» **WHAT YOU ARE ASKED TO DO**
Give back exactly the lines starting at the one with "SIMON シモン ブレイブセーフティハイカットシューズ" and ending at the last line of the data below. Pictures are not part of the copy.

» **RAW DATA**
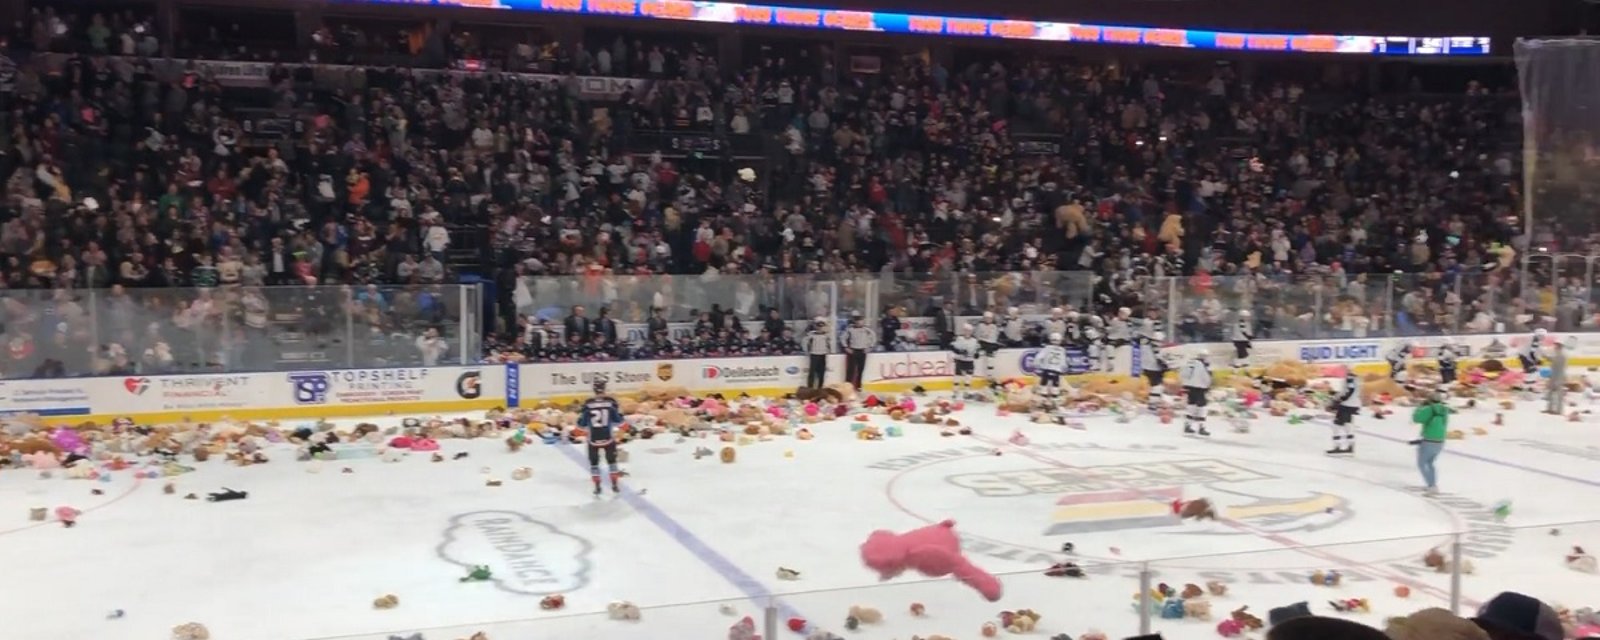 Hockey fans in Colorado make it rain Teddy Bears!
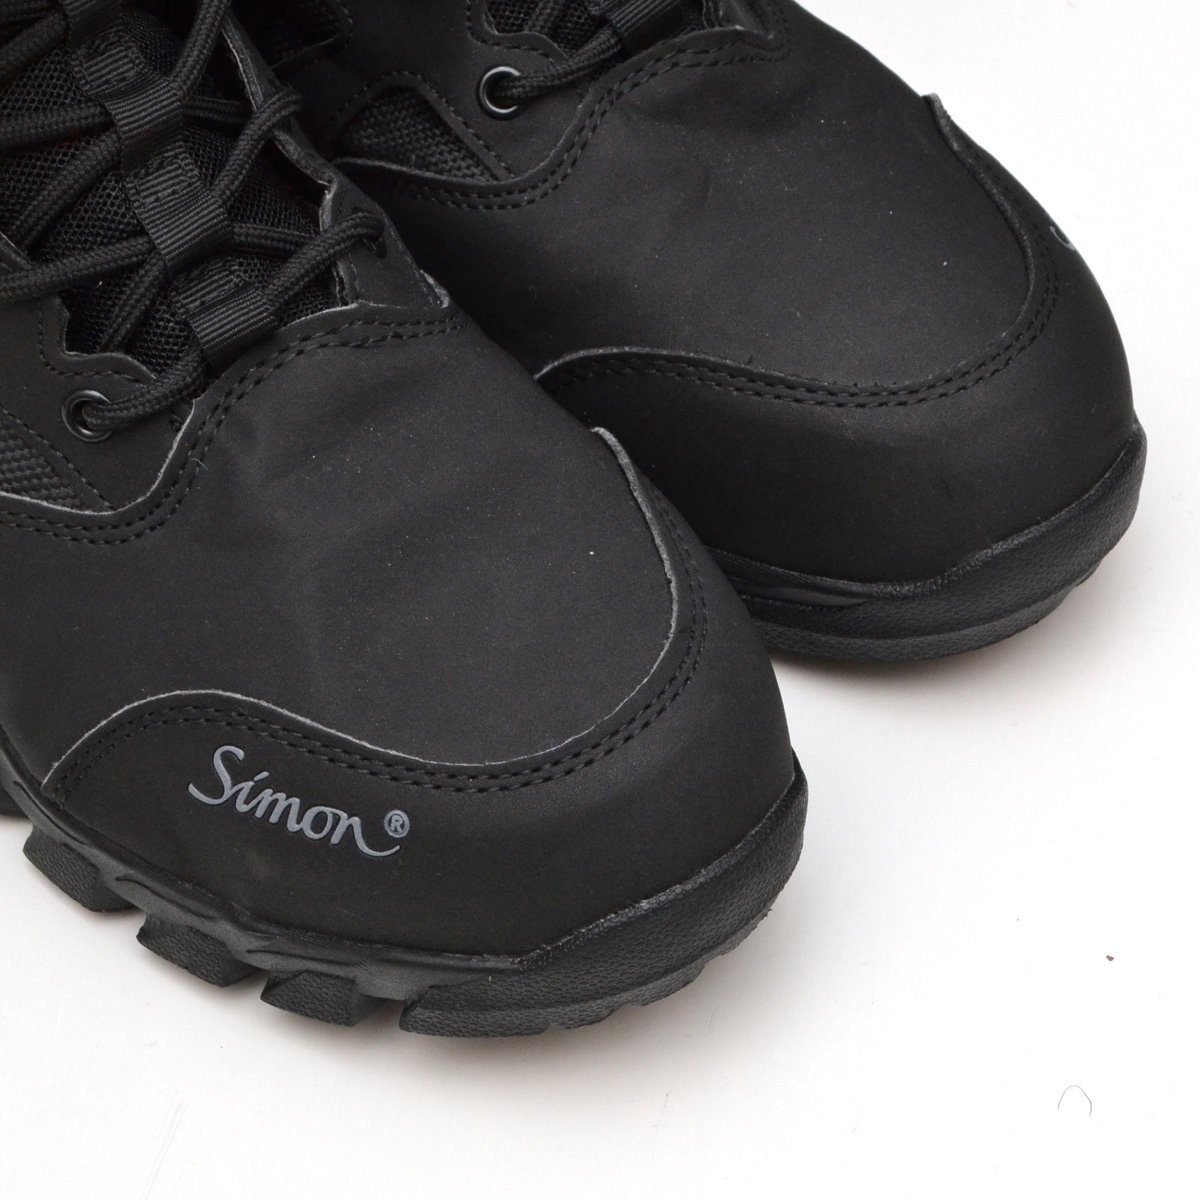 SIMON シモン ブレイブセーフティハイカットシューズ 安全靴 JSAA A種 ブーツ 26.5cm メンズ W022 ブラック M748108_画像4
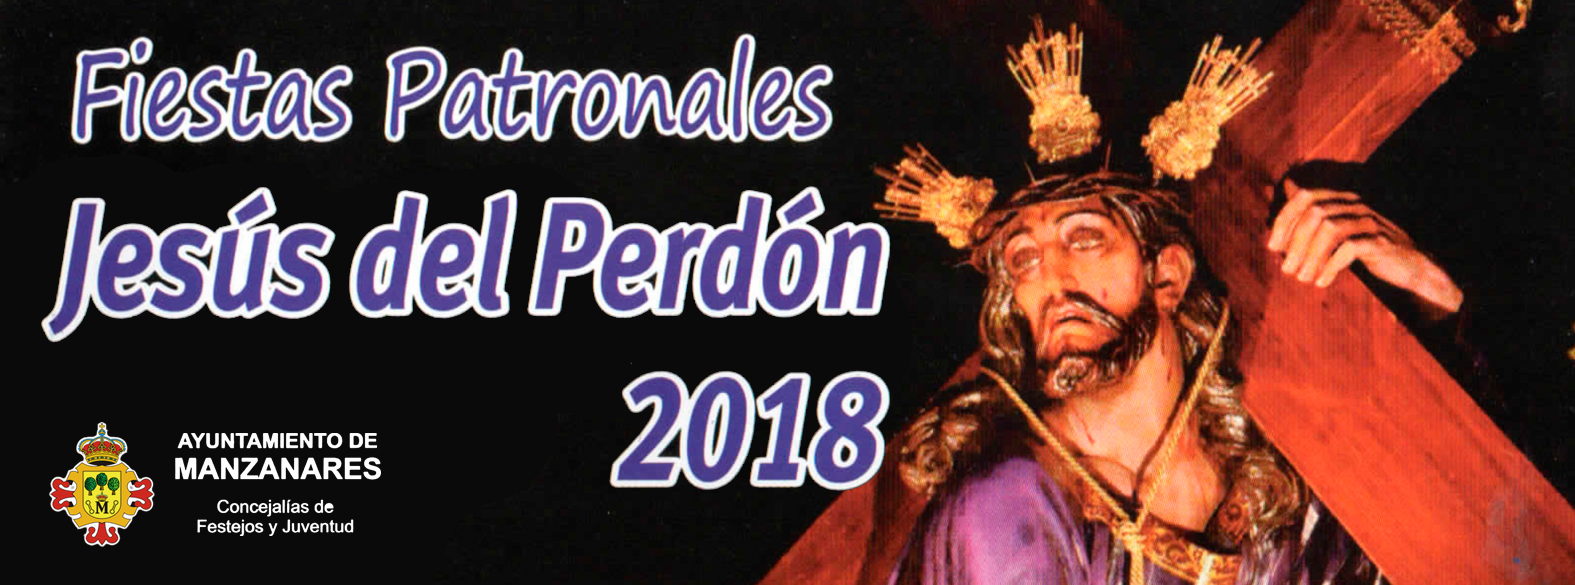 Fiestas patronales Jesus del Perdón en Manzanares 2018

» **SOLVED PROBLEM**
 SIMON シモン ブレイブセーフティハイカットシューズ 安全靴 JSAA A種 ブーツ 26.5cm メンズ W022 ブラック M748108_画像4
 Fiestas patronales Jesus del Perdón en Manzanares 2018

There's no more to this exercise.